Equal Sleep Log Transformation

Bessie the cow is notorious for falling asleep in Farmer John's class, and her classmate Elsie has been keeping track of the number of times Bessie naps during each of the N class periods. The log is represented by an array a where the i-th element a_i denotes the number of times Bessie fell asleep during the i-th period. It is known that \(1 \le N \le 10^5\), \(0 \le a_i \le 10^6\), and \(\sum_{i=1}^{N} a_i \le 10^6\).

Elsie wants to modify the log to make it appear that Bessie fell asleep exactly the same number of times in every class period. The only operation allowed is to combine two adjacent class periods into a single period (i.e. replace two consecutive numbers with their sum). After a sequence of such operations, the log will consist of several segments, and if all the segment values are equal then Elsie will succeed.

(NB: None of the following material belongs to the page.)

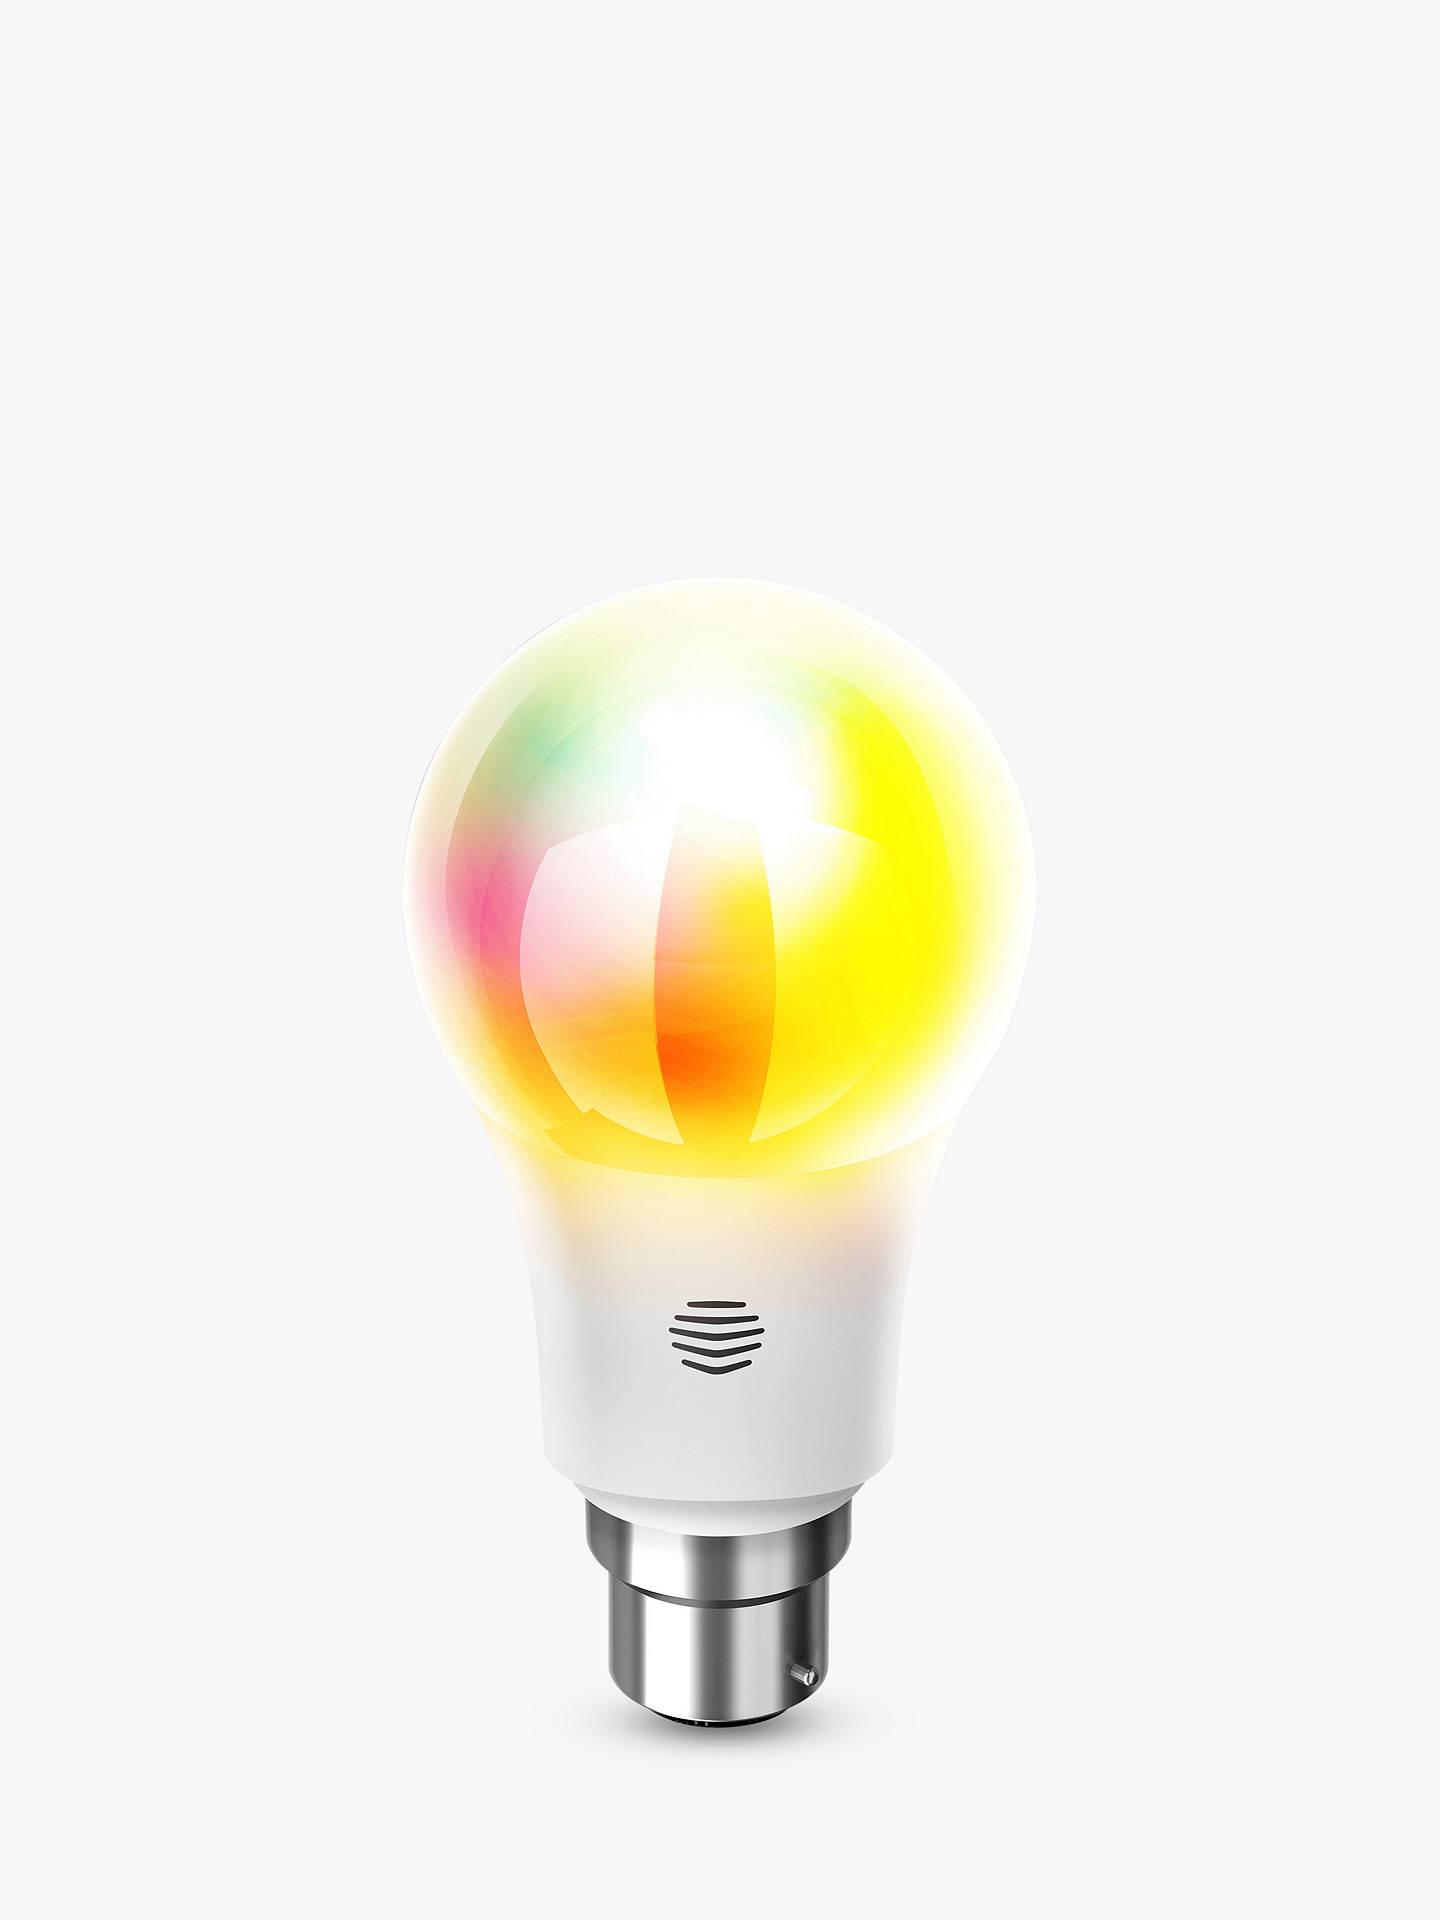 hive active light colour changing wireless lighting led. Black Bedroom Furniture Sets. Home Design Ideas

Formally, if the final log has m segments each with a value of \(T\) then we must have \(m \times T = \sum_{i=1}^{N} a_i\), and each segment must be a contiguous subsequence of the original log whose sum is \(T\). Each combination reduces the length of the log by 1. Determine the minimum number of modifications (combinations) Elsie needs to perform so that all the numbers in the log become equal.

inputFormat

Input Format:

• The first line contains an integer N (\(1 \le N \le 10^5\)), the number of class periods.
• The second line contains N space-separated non-negative integers a₁, a₂, \dots, a_N (\(0 \le a_i \le 10^6\)) with \(\sum a_i \le 10^6\).

outputFormat

Output Format:

• Output a single integer representing the minimum number of modifications required so that all elements in the log are equal.

sample

5
1 2 3 4 5

4